L’alliance LO-LCR a-t-elle une vie après les élections ?

Mis en ligne le 1er juin 1999 Convergences Politique

La question ne soulève pas seulement le scepticisme plus ou moins malveillant ou carrément hostile des médias ou des politiciens ennemis. Bien des militants qui font campagne pour la liste commune la posent, ou du moins se la posent. Comme se la posent aussi, à juste titre, un certain nombre de travailleurs qui s’apprêtent à voter pour elle.

Personne, parmi ceux qui prêtent quelque crédit aux révolutionnaires, ne leur demande d’agir ensemble quand ils ont des positions divergentes.

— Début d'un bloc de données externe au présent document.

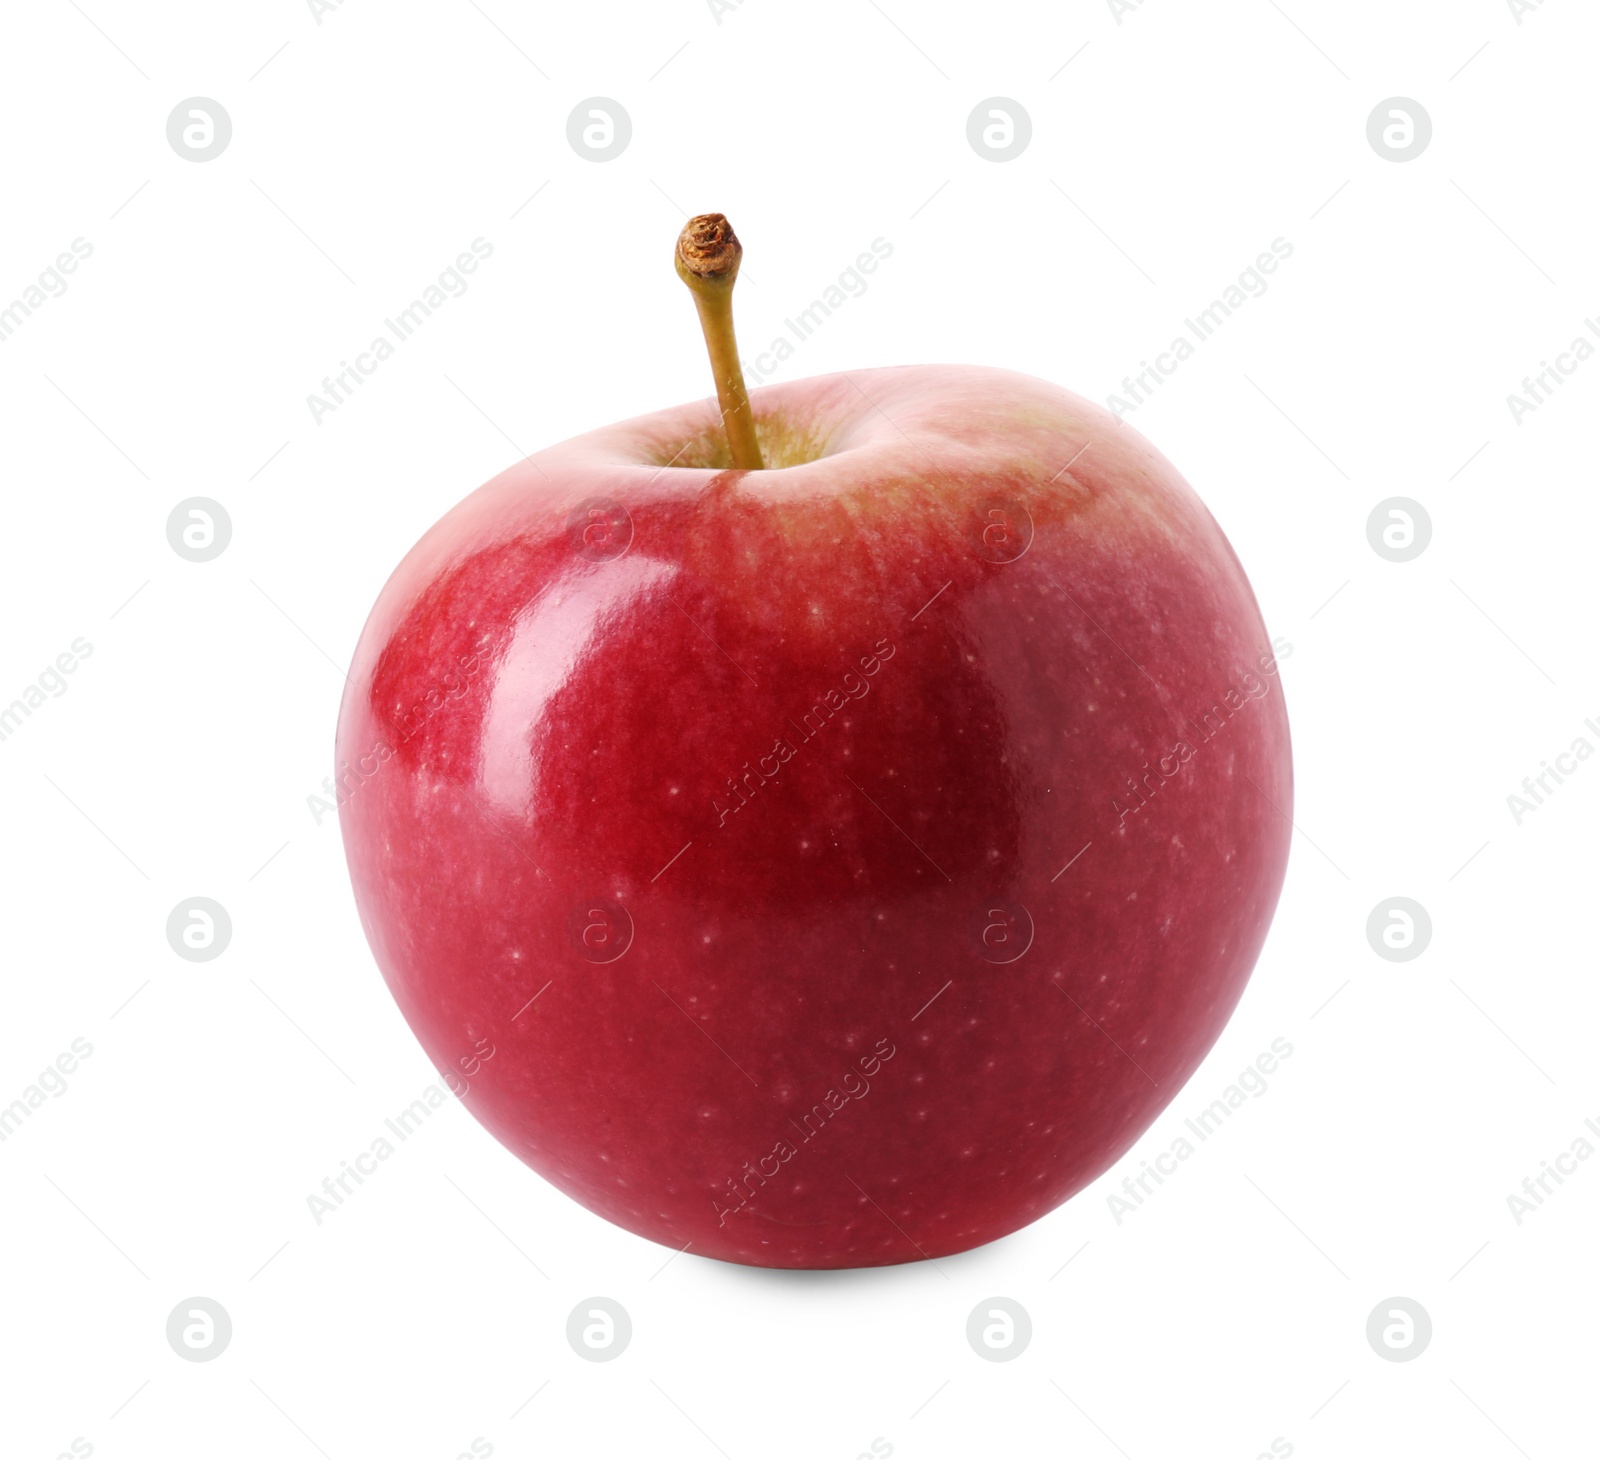 Photo of One ripe red apple isolated on white

Mais personne non plus ne peut accepter que l’engagement de le faire, quand leurs positions concordent, ne vaudrait que pour les élections.

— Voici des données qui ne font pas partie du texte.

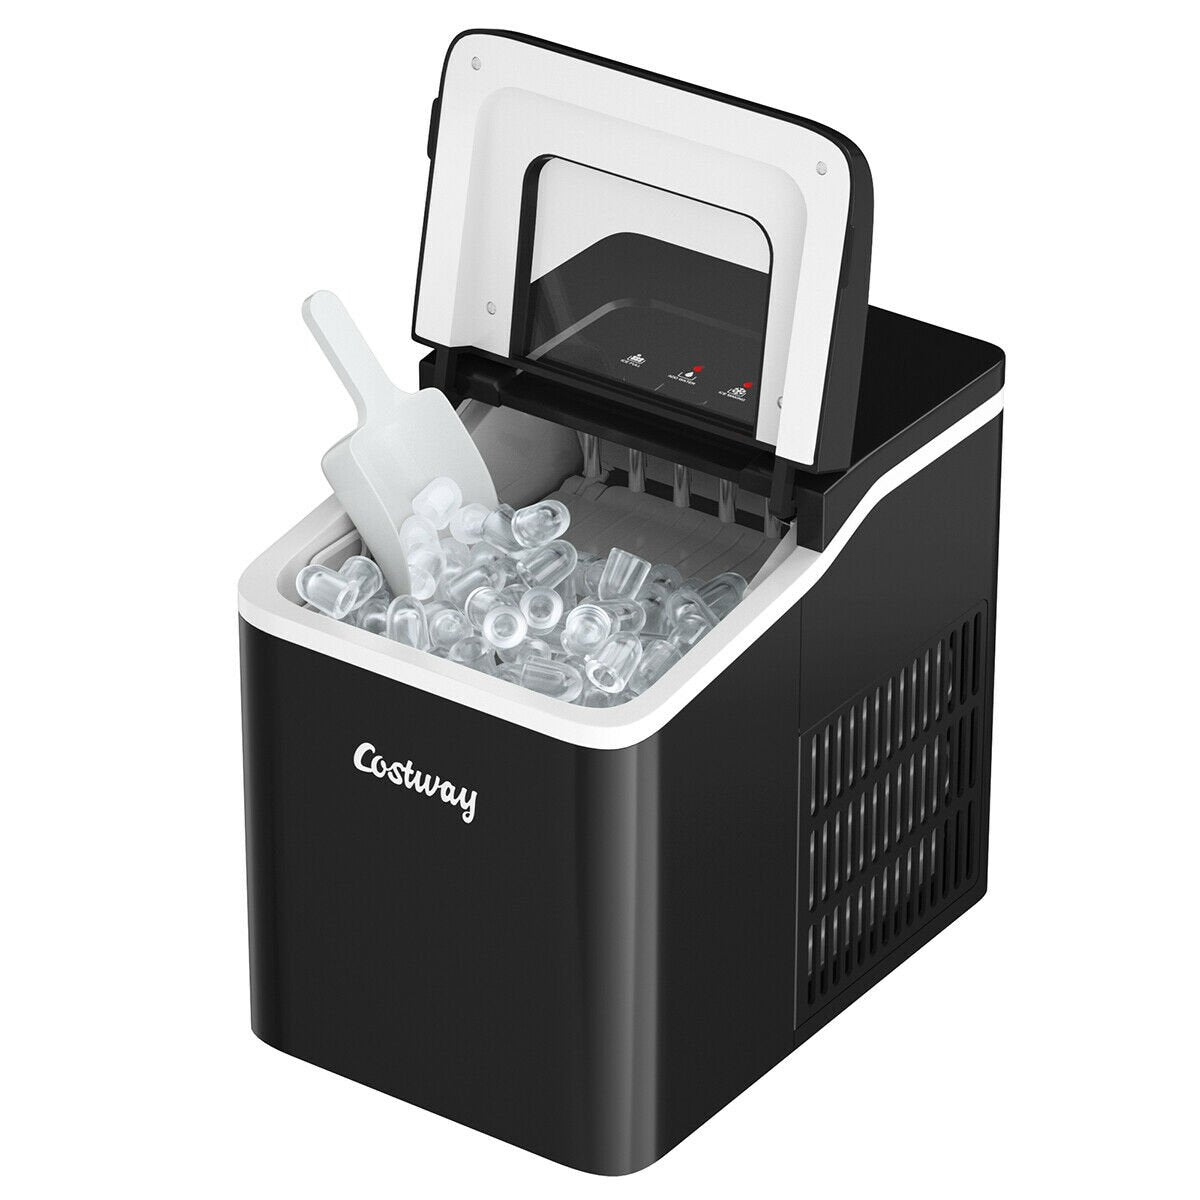 26lbs/24h Portable Countertop Ice Maker Machine with Scoop 9 Ice Cubes Ready in 8 minutes, Black

Qu’elles le veuillent ou non, la constitution d’une liste commune par LO et la LCR pour ces élections a valeur d’engagement implicite, au moins aux yeux de tous ceux à qui elle aura redonné espoir dans la capacité des deux organisations à prendre leurs responsabilités, voire simplement pour les électeurs qui découvrent un duo Arlette Laguiller-Alain Krivine complémentaire et dynamique. Si LO et la LCR peuvent faire des mois de campagne ensemble pour défendre une plate-forme commune qui se veut, bien plus qu’une profession de foi électorale, un programme pour les luttes futures, il n’est pas imaginable qu’elles n’aient plus aucune position à défendre en commun, aucune politique commune à proposer, aucun terrain de lutte où elles puissent se retrouver, une fois les urnes rangées.

Construire une force politique décisive

Pas plus après le 13 juin qu’avant, le rassemblement dans un grand parti révolutionnaire des travailleurs de tous les militants révolutionnaires – notamment de la LCR et de LO, mais aussi de toutes et tous les militants politiques, syndicaux, associatifs qui refusent cette société capitaliste, rejettent la politique de la gauche plurielle et veulent combattre pour le socialisme ou le communisme – ne sera sans doute immédiatement à l’ordre du jour. D’une part la construction d’un parti ne peut s’appuyer seulement sur des élections et doit se matérialiser au feu des échéances de la lutte de classe. D’autre part, même si elles ont toutes deux pour projet la construction d’un parti révolutionnaire, la LCR et LO, qui pourraient être en position de prendre des initiatives en ce sens, ne s’accordent pas pour l’instant sur le type de parti souhaitable et possible aujourd’hui. Même si ces élections européennes peuvent contribuer à modifier les positions de chacune des deux organisations, il est évident que ce débat n’est toujours pas dépassé par une nouvelle situation. Et pour le moment cette campagne électorale, qui certes n’est pas terminée et dont l’effet final n’est pas complètement mesurable aujourd’hui, n’a pas encore modifié suffisamment les données pour amener ce dépassement.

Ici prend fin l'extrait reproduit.